И кто распутает все эти узлы, все эти извилины, все эти запутанности путей неправды и беззакония, так трудных к разгадке? Отвратительны они; и я не хочу более углубляться в них, не хочу более останавливать на них взора своего. К Тебе стремлюсь и Тебя жажду, Правда и Святость Вечная, в благолепнейшей красоте чистейшей светлости и неисчерпаемого довольства. Покой у Тебя ничем не возмутим, и жизнь у Тебя безмятежна. Кто входит в дом Твой, тот входит в радость Господа своего (Мф. 22, 21, 23), и тогда нечего ему уже бояться, и благо ему будет у Благого. Уклонился я от путей Твоих и пошел по распутиям, Боже мой; отошел от Тебя в страну далече, подобно евангельскому юноше блудному, и блуждал там вдали от Тебя в юности моей; оставив дом отеческий, я скитался в стране отчуждения и лишения (см. Лк. 14, 11–32).
Воспоминание о семнадцатом, восемнадцатом и девятнацатом годах того же возраста (юношеского), проведенных в Карфагене, где, доканчивая свое образование, Августин увлекся в дела лобострастия и впал в ересь манихеев. – Ясный взгляд Августина на погрешности и нелепости манихеев. – Матерние о нем слезы и свыше последовавший ответ о его обращении.
Я прибыл в Карфаген; и стали обуревать меня пагубные страсти преступной любви.

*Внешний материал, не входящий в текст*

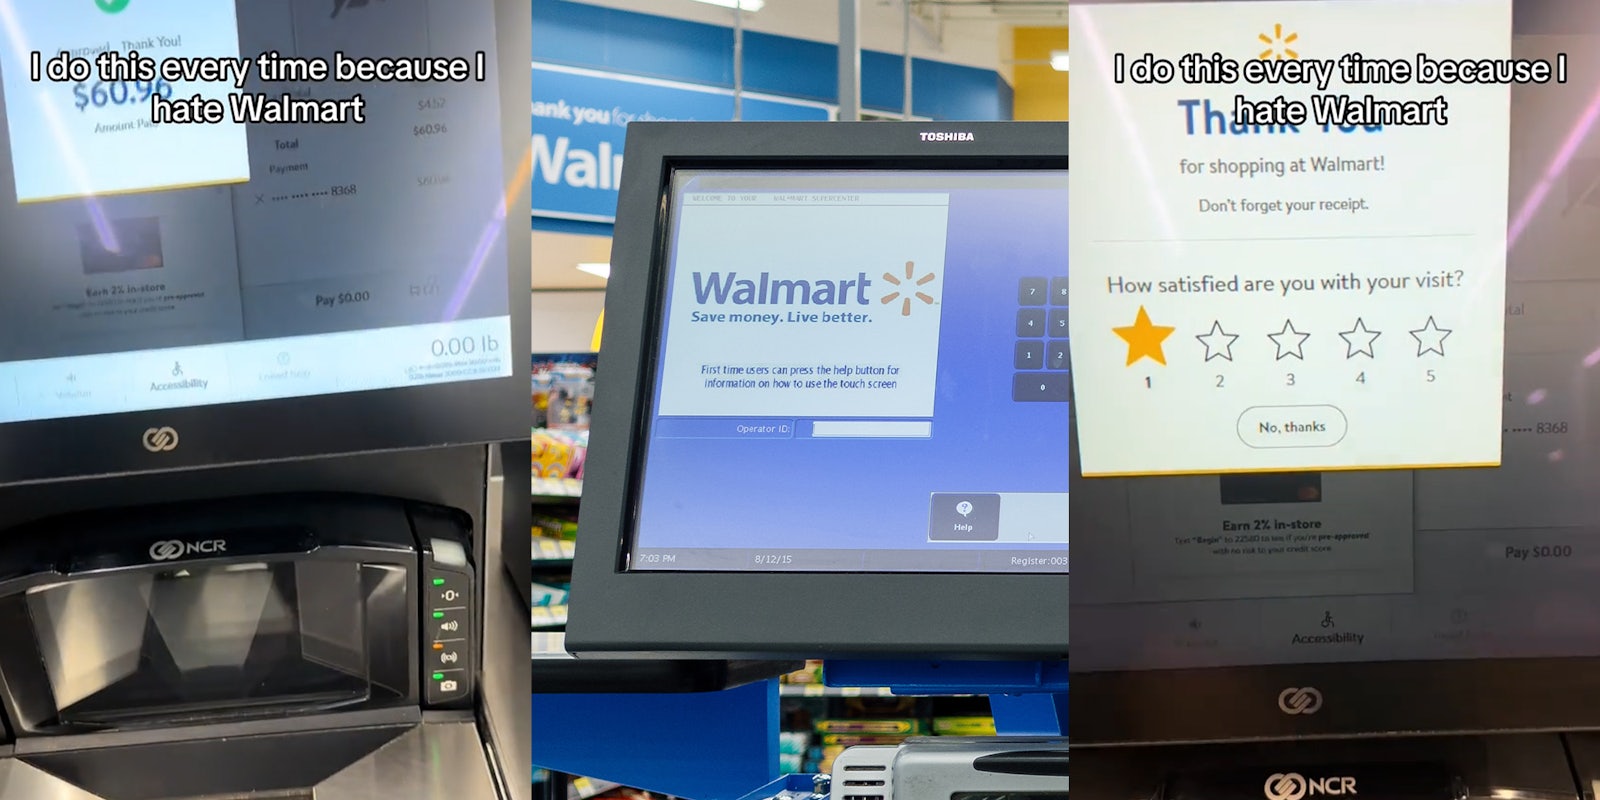 Walmart customer says they give 1 star at self-checkout because they ‘hate Walmart’

Еще не предавался я этой любви, но она уже гнездилась во мне, и я не любил открытых к тому путей. Я искал предметов любви, потому что любил любить; прямой и законный путь любви был мне противен. У меня был внутренний глад пиши духовной, – Тебя Самого, Боже мой; но я томился не тем гладом, алкал не этой пищи нетленной: не оттого, чтобы не имел в ней нужды, – но по причине своей крайней пагубной суетности. Больна была душа моя, и, покрытая струнами, она жалким образом устремилась к внешнему миру в надежде утолить жгучую боль при соприкосновении с чувственными предметами. Но если бы эти предметы не имели души, они могли бы быть любимы. Любить и быть любиму было для меня приятно, особенно если к этому присоединялось и чувственное наслаждение. Животворное чувство любви я осквернял нечистотами похоти, к ясному блеску любви я примешивал адский огонь сладострастия, и несмотря на такое бесчестие и позор, я гордился и восхищался этим, в оспеплении суетности представляя себя человеком изящным и светским. Словом, я пустился стремглав в любовные похождения, которых так жаждал, и совершенно был пленен ими. Милосердный Боже мой! Какою горькою и вместе спасительною желчью растворял Ты для меня эти пагубные удовольствия мои! Чего я не испытал? Я испытал и любовь и взаимность, и прелесть наслаждения, и радостное скрепление гибельной связи, а вслед затем и подозрение, и страх, и гнев и ссору, и жгучие розги ревности.